GIVEN INFORMATION: Begin

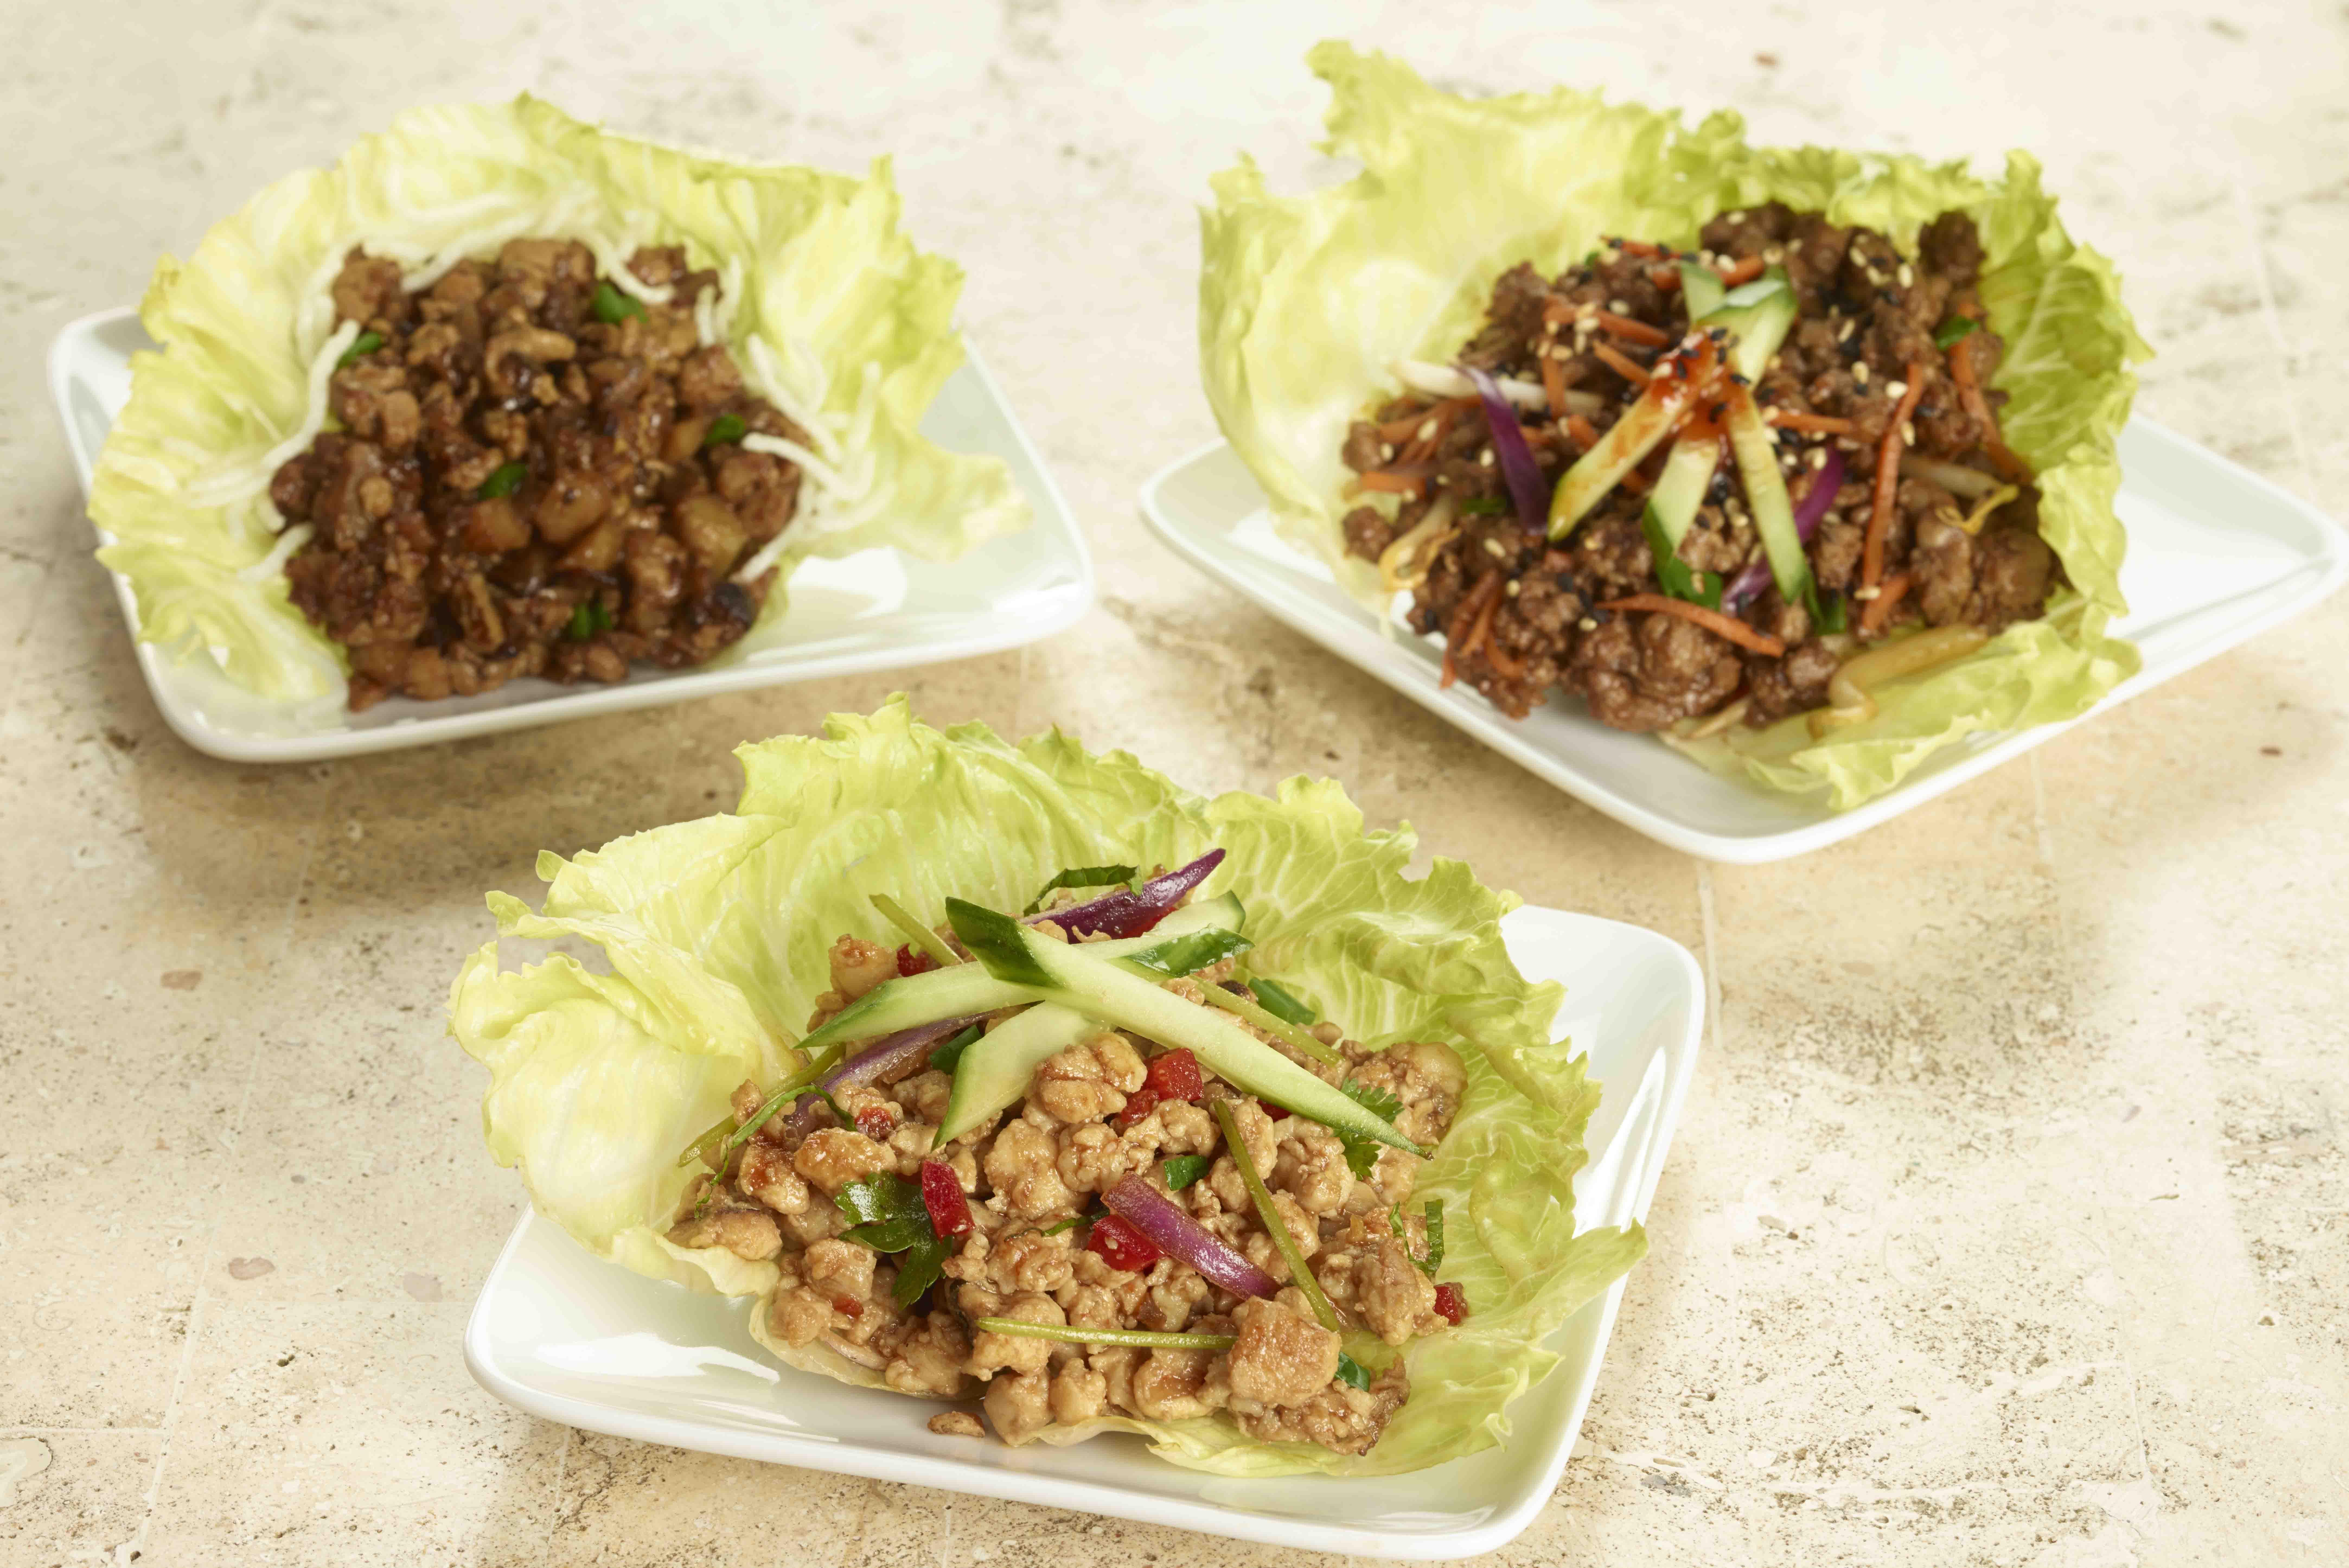 Thai Chicken, Korean Steak and Traditional Chicken Lettuce Wraps
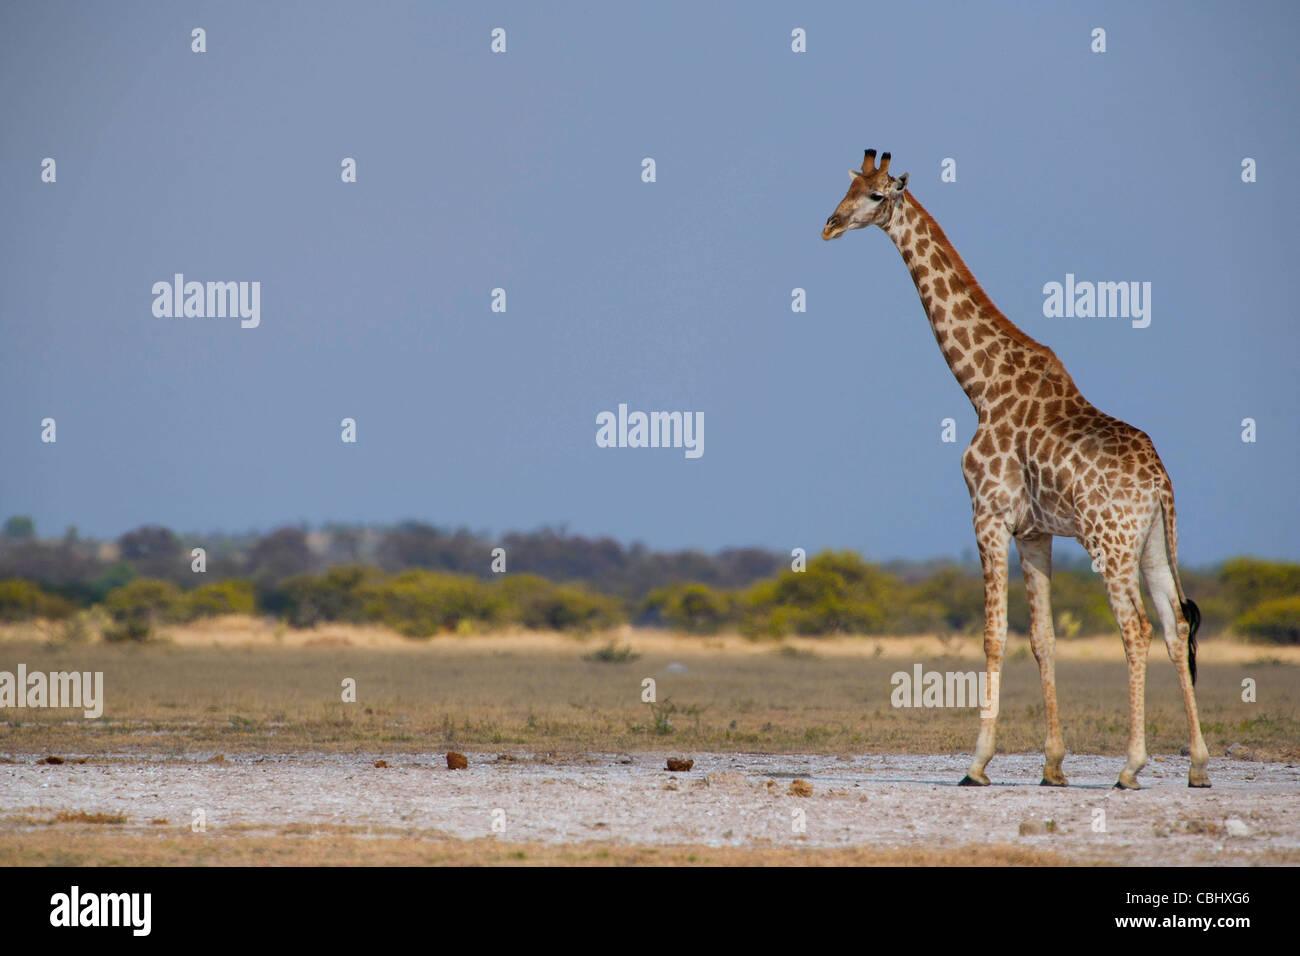 Una giraffa (Giraffa camelopardalis) acquisiti su una delle saline di Nxai Pan National Park, Botswana Immagini Stock
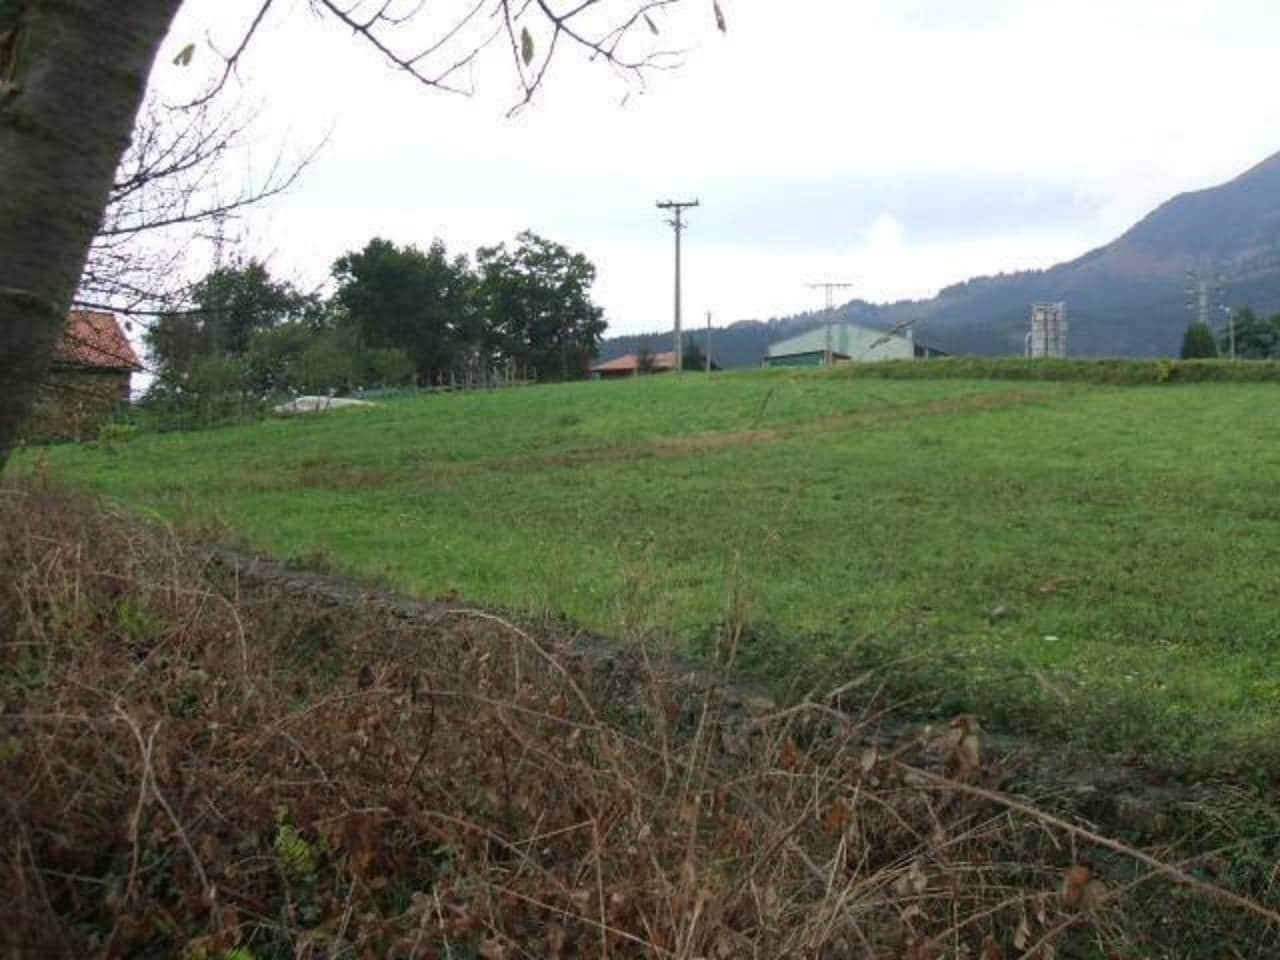 Terreno/Finca Rústica en Carranza en venta - 126.000 € (Ref: 3862336)
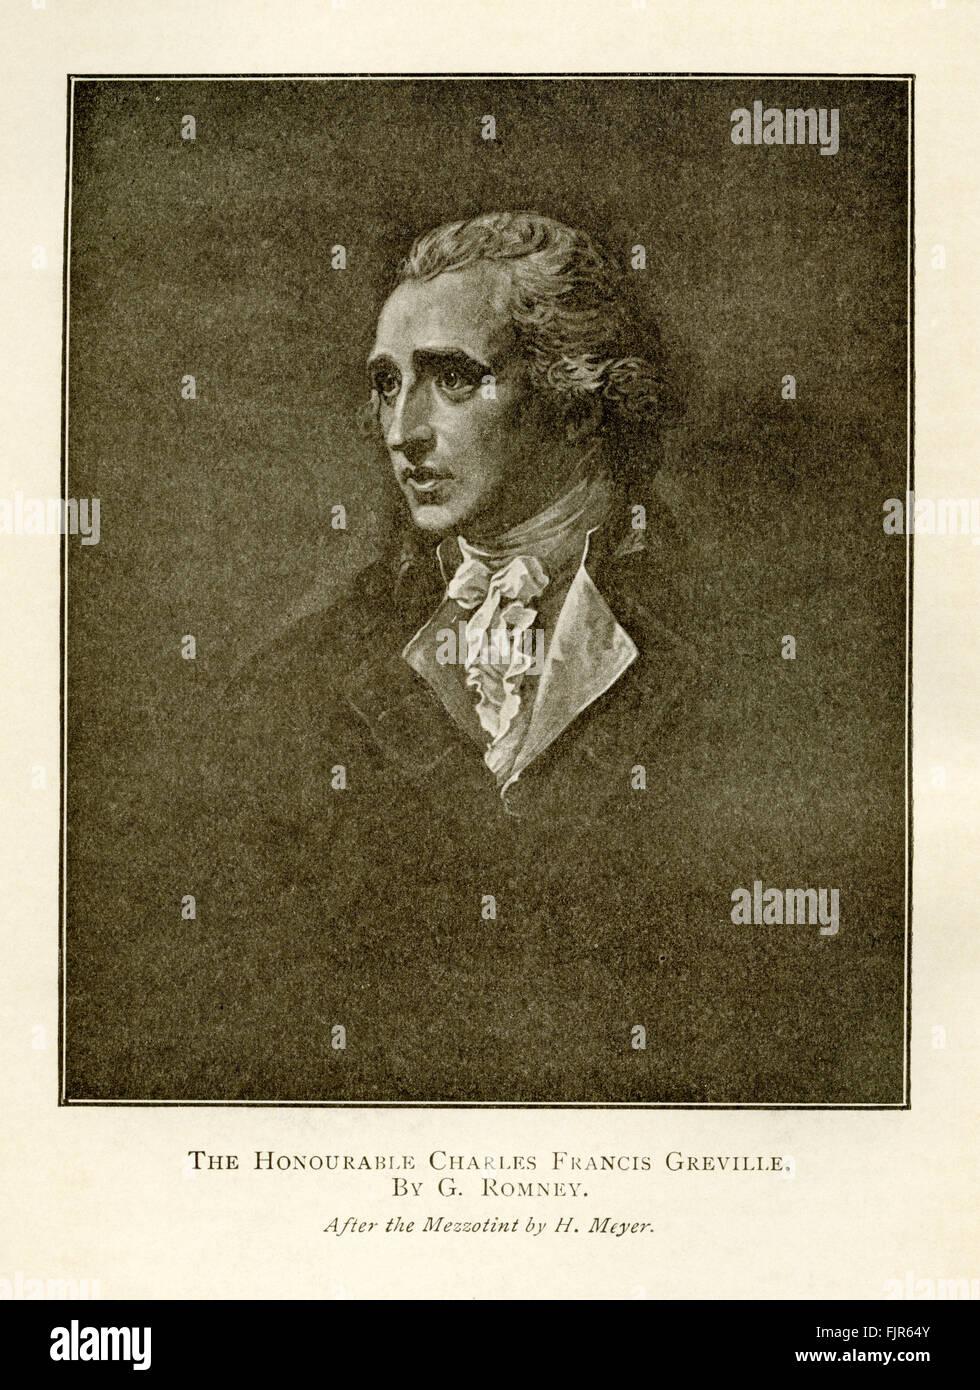 L'Honorable Charles Frances Greville (1749-1809). D'après une peinture de George Romney. Photo Stock
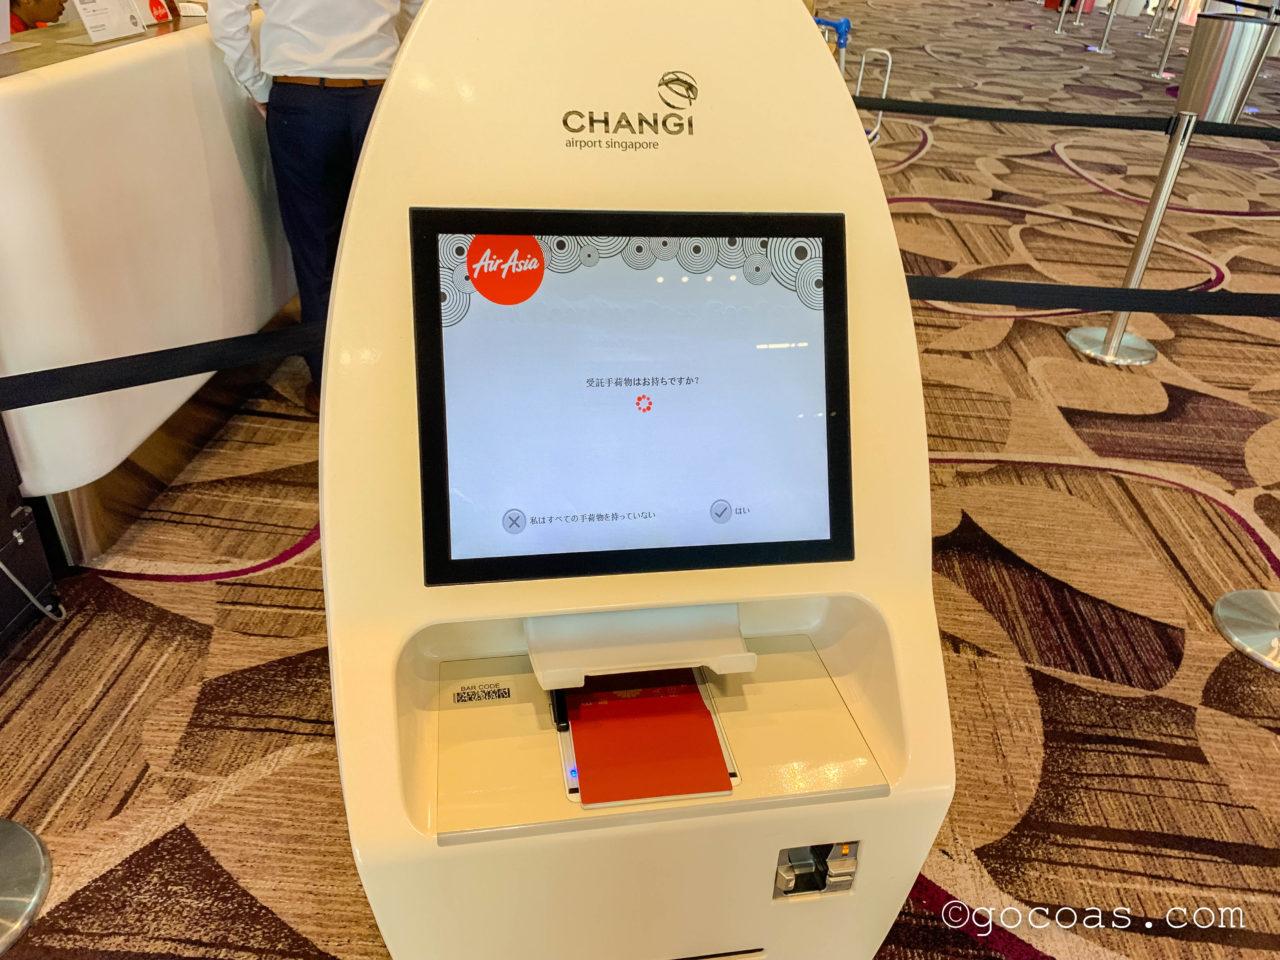 シンガポール・チャンギ国際空港自動チェックイン受付画面

GIVEN INFORMATION: End

* **WORK TASK**
Return only the lines running from the start of the entries above to the line that contains "Terreno/Finca Rústica en", inclusive, and omit every picture.

* **ANSWER SPACE**
 Thai Chicken, Korean Steak and Traditional Chicken Lettuce Wraps
 Una giraffa (Giraffa camelopardalis) acquisiti su una delle saline di Nxai Pan National Park, Botswana Immagini Stock
 Terreno/Finca Rústica en Carranza en venta - 126.000 € (Ref: 3862336)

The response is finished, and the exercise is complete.